先要知道替换对象是什么，我们设置atom显示空白字符：

罪魁祸首’\r\n’显形了：

使用全局替换，这里注意必须使用正则表达式才能替换：

2.3 铁器时代

接来下文明大跃进，我们自己生产工具，这个工具就是–Python脚本，让他帮我们完成替换，步骤如下：

手动从PDF复制文本
工具自动替换粘贴板文本的’\r\n’
手动粘贴到Google翻译框

Python脚本定时监视粘贴板：

import pyperclip
import time

def altercopy():
    tempBuff=' '    #仅仅用于暂存判定
    while True:
        time.sleep(3)
        pasteText=pyperclip.paste()

        if tempBuff != pasteText:
            tempBuff=pasteText

            strBuff=pasteText
            strBuff = strBuff.replace('\r\n', ' ')
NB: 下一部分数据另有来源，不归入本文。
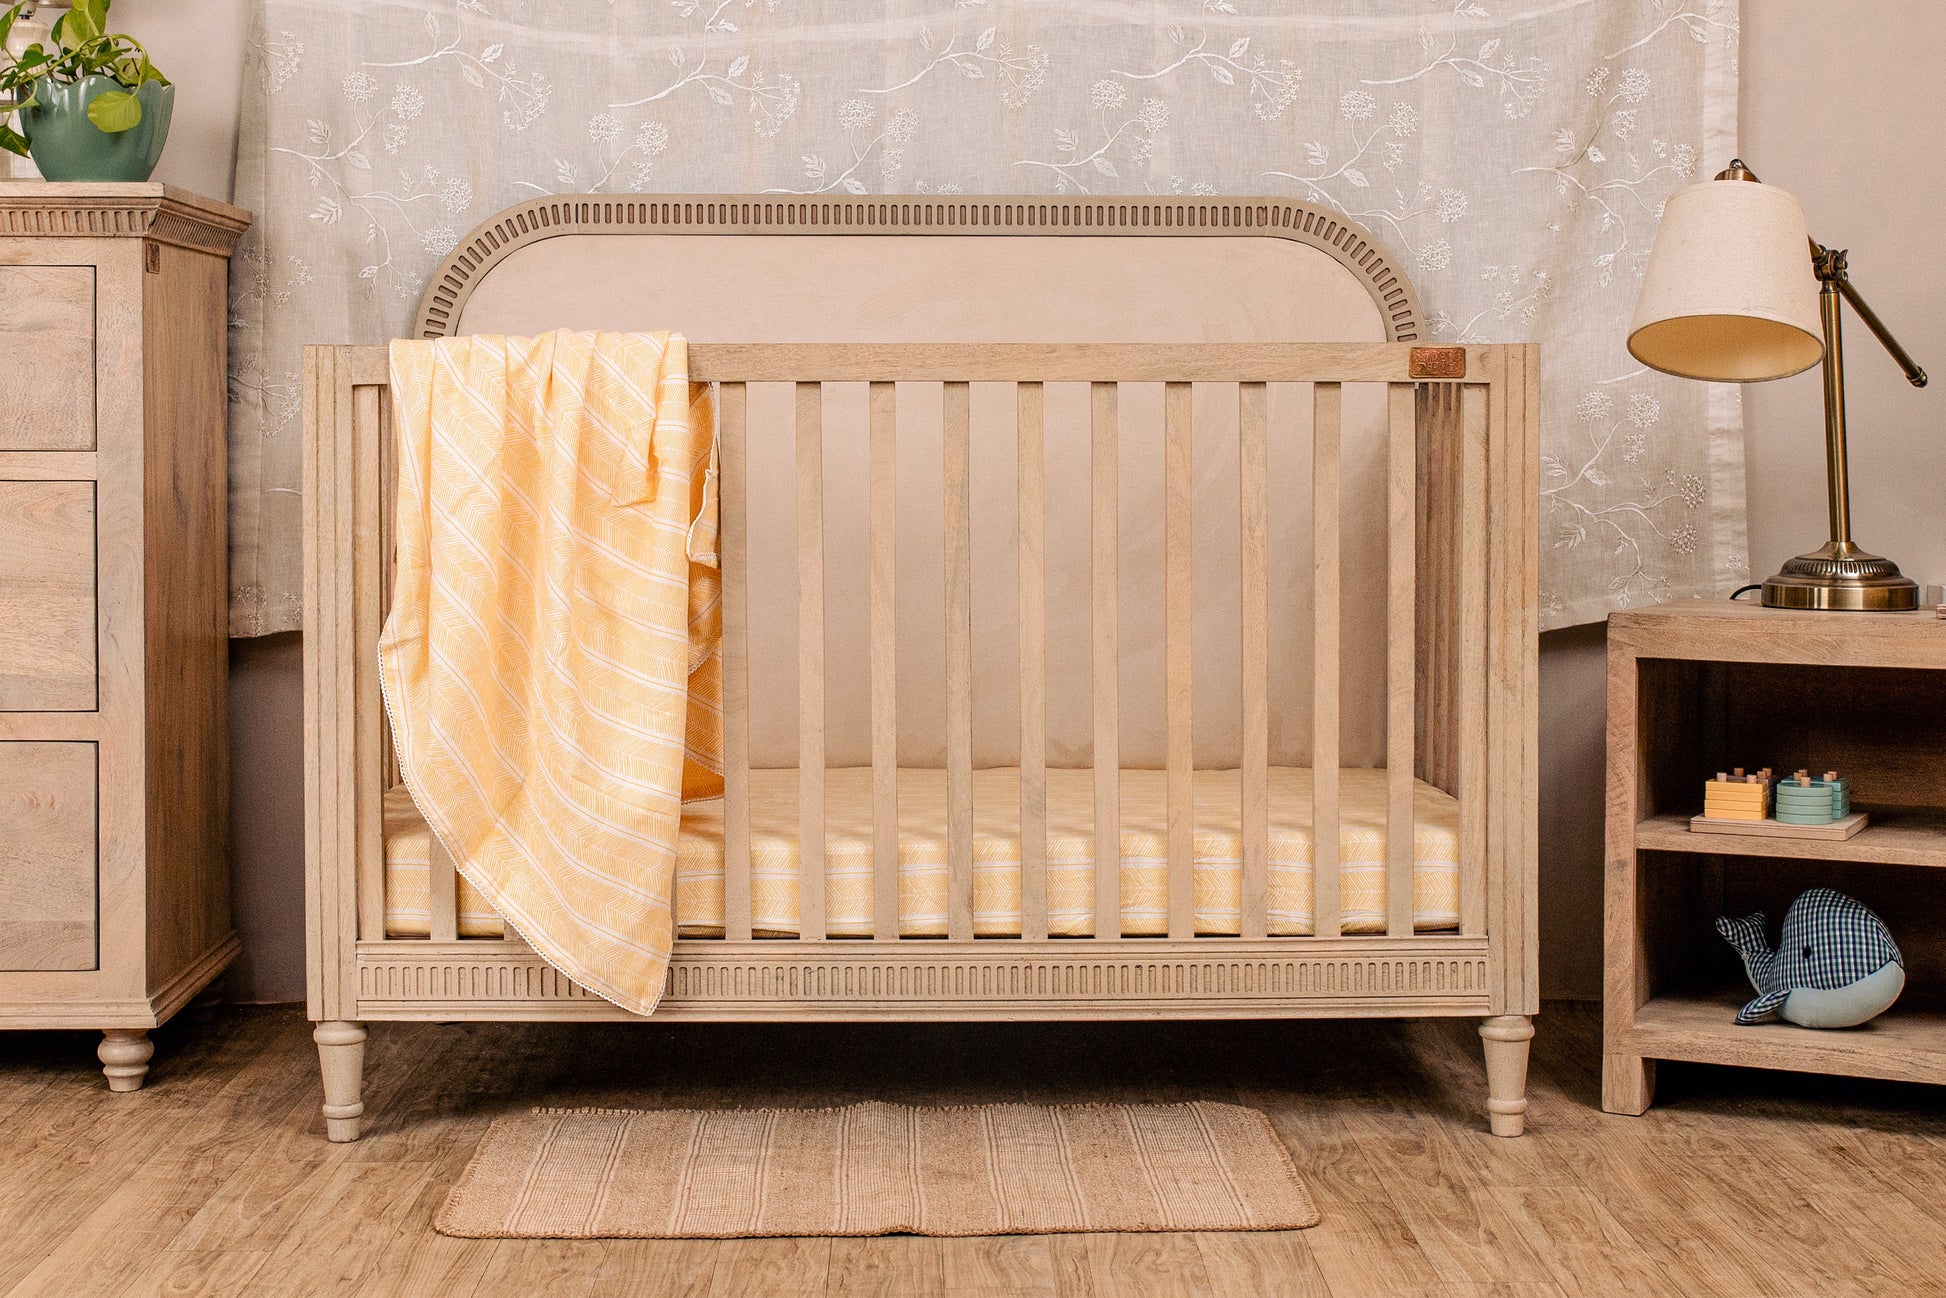 Buy Wooden Baby Cot With Headboard - Oat Finish Online - SkilloToys.com

            pyperclip.copy(strBuff)    #修改粘贴板
            tempBuff=strBuff    #防止循环

至此省心了些。只要从PDF文献复制文本，等待一会粘贴到Google翻译框中，粘贴出的已经自动合并换行了。

2.4 蒸汽时代

使用过林格斯词典大多体验过这个功能：选中内容后词典会自动弹出翻译结果。类似的我们可以实现，复制了文本之后自动弹出Google翻译结果。

模拟步骤如下：

手动从PDF复制文本
工具自动替换粘贴板文本的’\r\n’
工具自动打开浏览器，访问Goolge翻译网页，翻译粘贴板内的文本

这里我们需要了解url的常识，在Goolge翻译网页输入hello，可以看到如下url：

直观地看就是 https://translate.google.com/?hl=zh-CN&tab=wT#en/zh-CN/ + ‘hello’。也就是说访问https://translate.google.com/?hl=zh-CN&tab=wT#en/zh-CN/hello就可以把’hello’翻译’你好’。

import pyperclip
import time

def translation():
    tempBuff=' '    #仅仅用于暂存判定
    while True:
        time.sleep(3)
        pasteText=pyperclip.paste()

        if tempBuff != pasteText:
            tempBuff=pasteText

            strBuff=pasteText
            strBuff = strBuff.replace('\r\n', ' ')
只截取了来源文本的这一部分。